Bununla birlikte vatandaşın sağlık hizmeti alma hakkı elinden alınmaktadır, çünkü bu kadar kısa sürede nitelikli sağlık hizmeti sunulması ve alınması mümkün değildir ve bu kadar kısa sürede tanı-tedavi düzenlenmesi hata riskini artırmaktadır. Bunun sonucunda hekimler, hastalar tarafından açılan milyonlarca TL’yi bulan tazminat davaları (malpraktis) ile karşı karşıya kalabilmektedir. Sağlıksız bir sağlık sistemi içinde hedef olan sağlık çalışanlarının emekleri bazı kişi ve gruplar tarafından “kazanç kapısı” olarak görülmekte ve yıllarca süren davalarla da uğraşmakta ve bu psikoloji içinde hasta yaklaşımında bulunmaktadırlar. Bu uygulamalar nedeniyle ile de son yıllarda başta Kalp Damar Cerrahisi, Kadın Doğum Genel Cerrahisi gibi birçok uzmanlık alanına hekimlerin ilgisi çok azalmış, yine birçok uzmanlık alanında da hizmet veren hekimlerin “mesleki sigortaları” sigorta şirketleri tarafından “Riskli Gruplar” diye yapılmamaktadır.

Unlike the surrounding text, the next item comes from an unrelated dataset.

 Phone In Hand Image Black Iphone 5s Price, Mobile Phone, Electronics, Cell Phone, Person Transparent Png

Hekim-hasta ilişkisine zarar vermekte olan kısa sürede muayene baskısı, sağlıkta şiddeti artıran önemli faktörlerden biridir. Şiddet, sağlık çalışanlarının hali hazırda en büyük sorunlarından birisi olmaya devam etmektedir.

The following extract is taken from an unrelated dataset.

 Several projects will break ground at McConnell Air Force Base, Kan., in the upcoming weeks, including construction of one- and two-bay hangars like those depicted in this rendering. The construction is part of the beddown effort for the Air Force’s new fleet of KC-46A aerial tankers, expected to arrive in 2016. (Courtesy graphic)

Ayrıca devlet hastanelerinde çalışan hekimlerin ek ödemelerinde adaletsizlik ve aksamalar yaşanmakta, bu durum hekimlerin ekonomik olarak sıkıntıya girmelerine neden olmaktadır. Hasta garantili Şehir Hastaneleri’nde böyle bir sorun olmamakla birlikte neredeyse zararına çalışan devlet hastanelerinde ek ödemeler yapılamamaktadır. Hekimlerin almış oldukları yetersiz maaşı bir şekilde tamamlayan “ek ödeme” sisteminde yaşanan bu durum, kamuda yaşanan istifaların önemli sebepleri arasında yer almaktadır.
Türkiye’de 1 Ocak 2020 itibarıyla kamuda çalışan toplam hekim sayısı 135 bin civarındayken, pandemi ile geçen 18 ayda Türk Tabipleri Birliğinin (TTB) açıklamalarına göre 8 binin üzerinde hekim istifa etmiştir. Bu hekimlerin bir bölümü emekli olurken, 5-6 bin hekimin kamudan özel sektöre geçtiği tahmin edilmektedir.
Yine TTB’nin verilerine göre ülkeyi terk eden hekim sayısı da her geçen gün artmaktadır. Yurtdışında göçmen hekim olarak çalışabilmek için son aylarda Türk Tabipler Birliği’nden iyi hal belgesi talep eden hekimlerin sayısı 5 bin civarına ulaşmıştır.
Yine basına yansıyan haberlere göre, 2017’de 482, 2018’de 802, 2019’da 1047 hekim, salgının başladığı 2020’de 931 olarak kayıtlara geçerken, bu yılın ilk dokuz ayında 967 hekim yurt dışına gitmiştir. Bu verilere göre her ay 100’ün üzerinde hekim, ülkeyi terk ettiği görülmektedir.
Kamu hastanelerinde yaşanan bu kan kaybı, yurttaşların sağlık hizmetine erişimini de olumsuz etkilemektedir. Merkezi Hekim Randevu Sistemi’nde (MHRS) son dönemde ciddi sıkıntılar yaşanmaktadır. Vatandaşlar muayene olabilmek için randevu alamazken, kamu hastanelerinde ameliyatların dahi aksadığı bilinen bir gerçektir.
Son olarak, gelinen noktada sağlık sisteminin artık çöküşte olduğu görülmektedir. TTTB, bu durumun devam etmesi halinde sağlıkta kaos yaşanacağı uyarısında bulunmuştur.